#### Data segment:
★ ★ ★ ★ ★

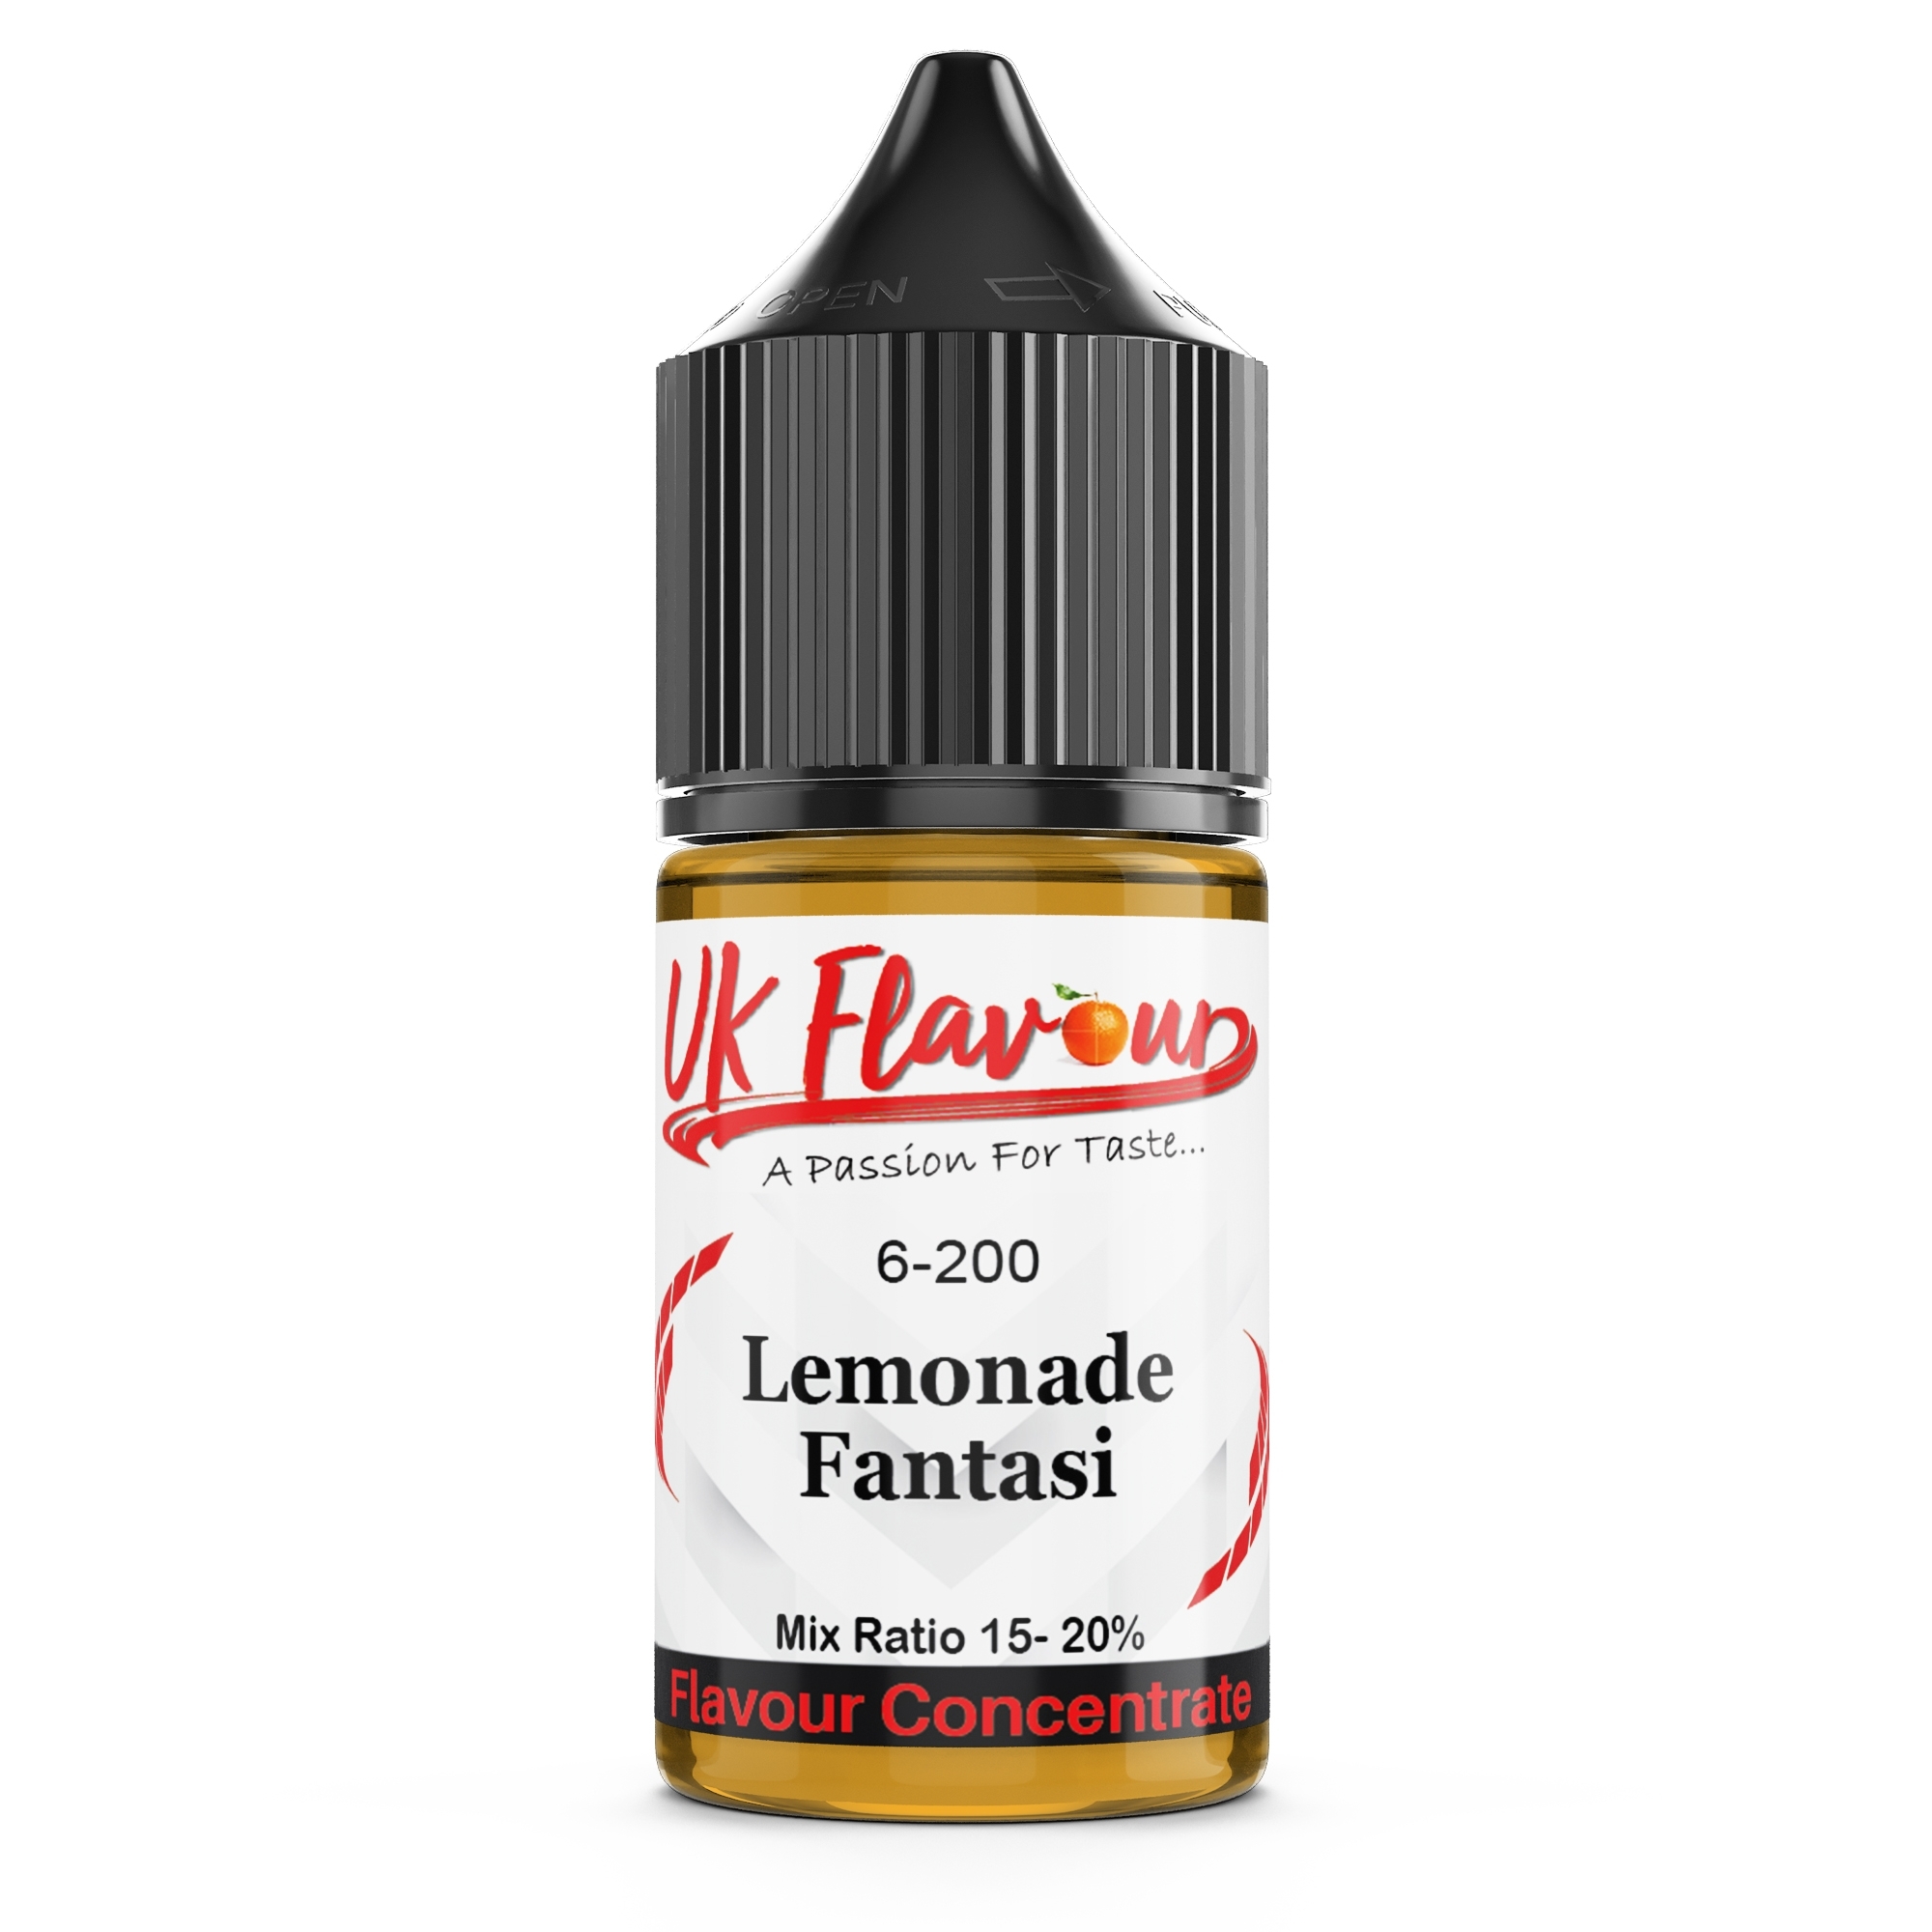 UK Flavour - Flavour concentrates 30ml Fantasi Lemonade
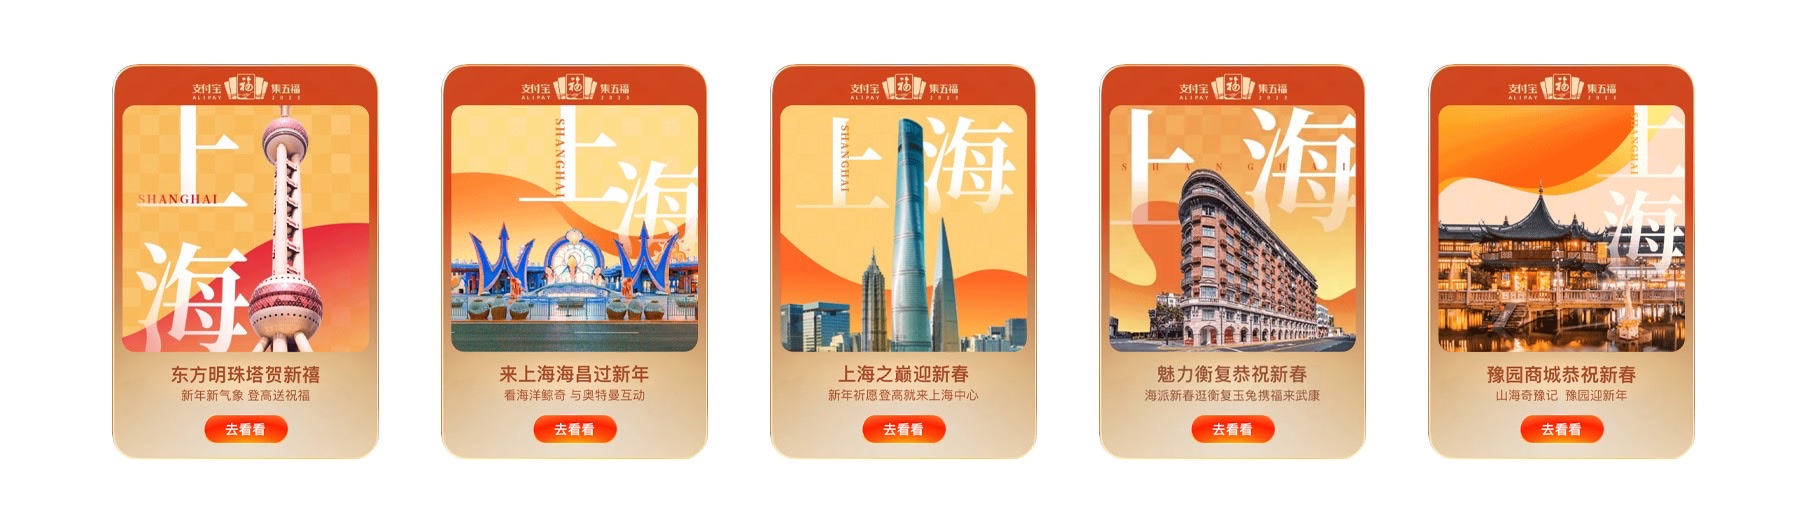 【文化旅游】上海“扫福集福”串联城市文旅资源
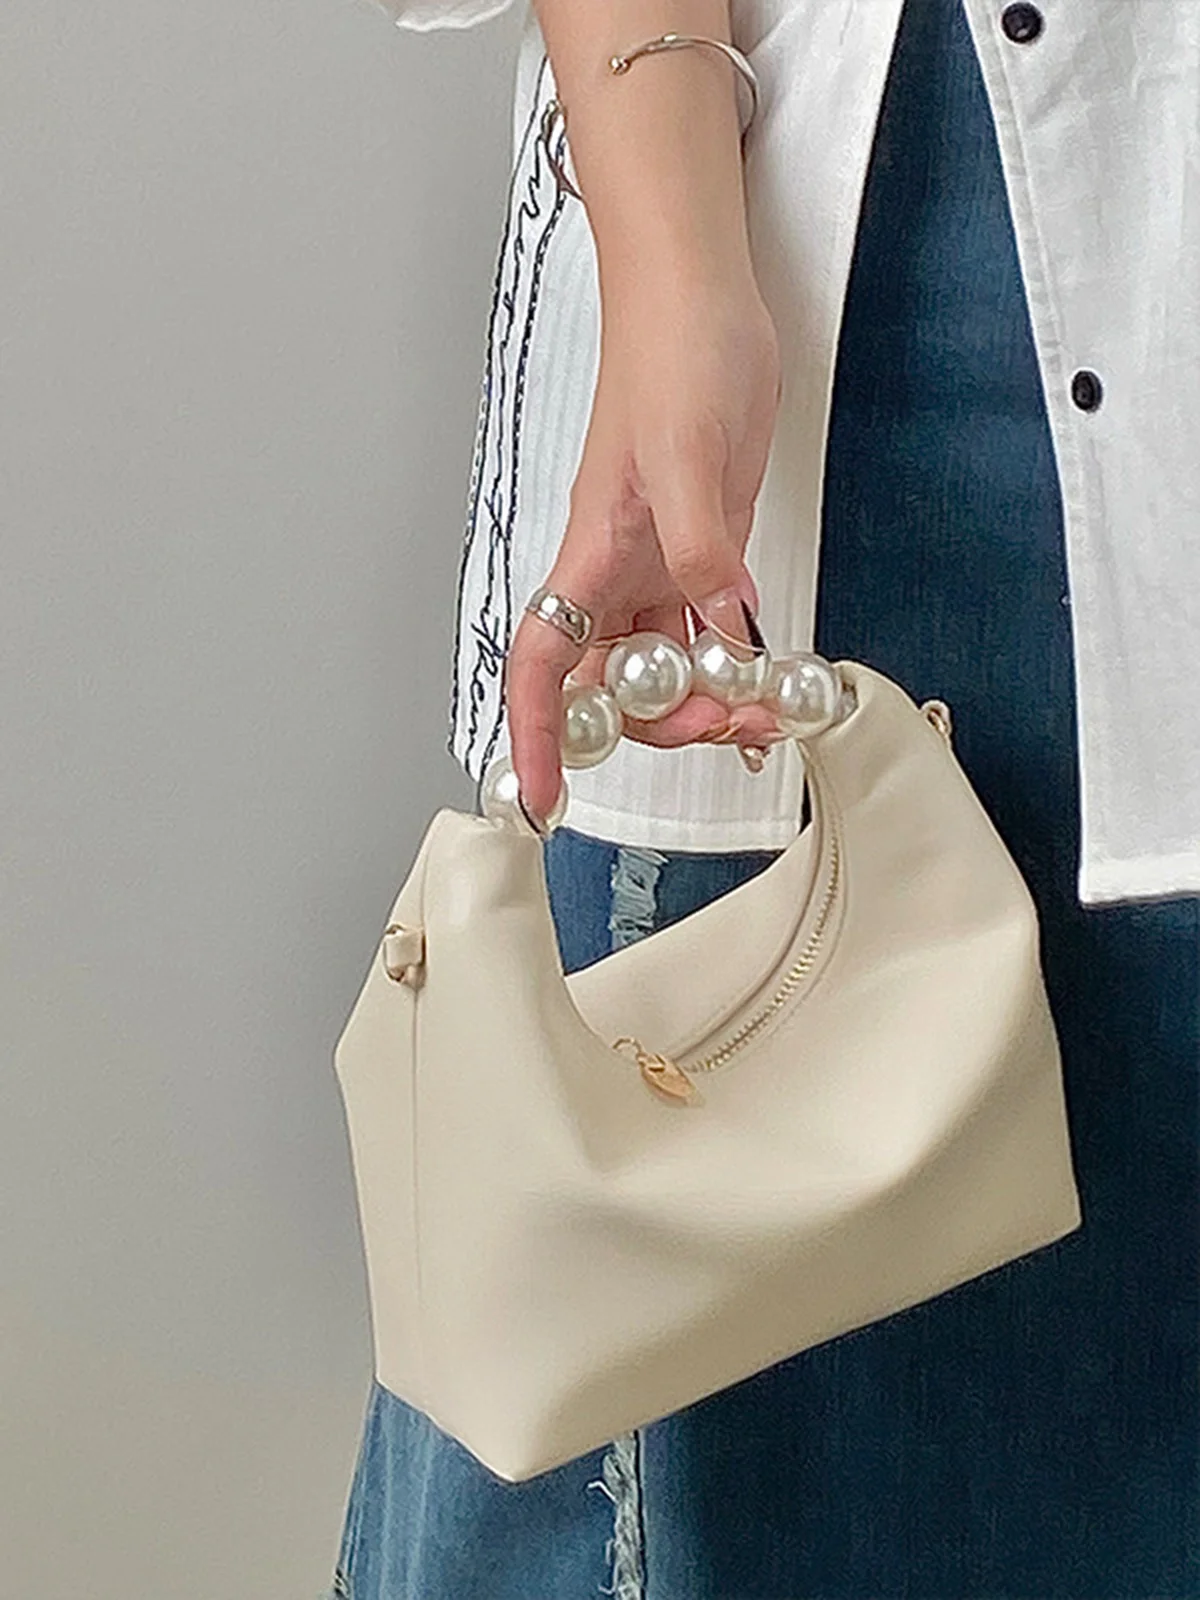 Elegant Nachgemachte Perle Handtasche Dünn Kette Gurt Umhängetasche

★ ★ ★ ★ ★

#### Work request:
Without including any picture, reproduce all of the material exactly.

#### Exercise result:
 UK Flavour - Flavour concentrates 30ml Fantasi Lemonade
 【文化旅游】上海“扫福集福”串联城市文旅资源
 Elegant Nachgemachte Perle Handtasche Dünn Kette Gurt Umhängetasche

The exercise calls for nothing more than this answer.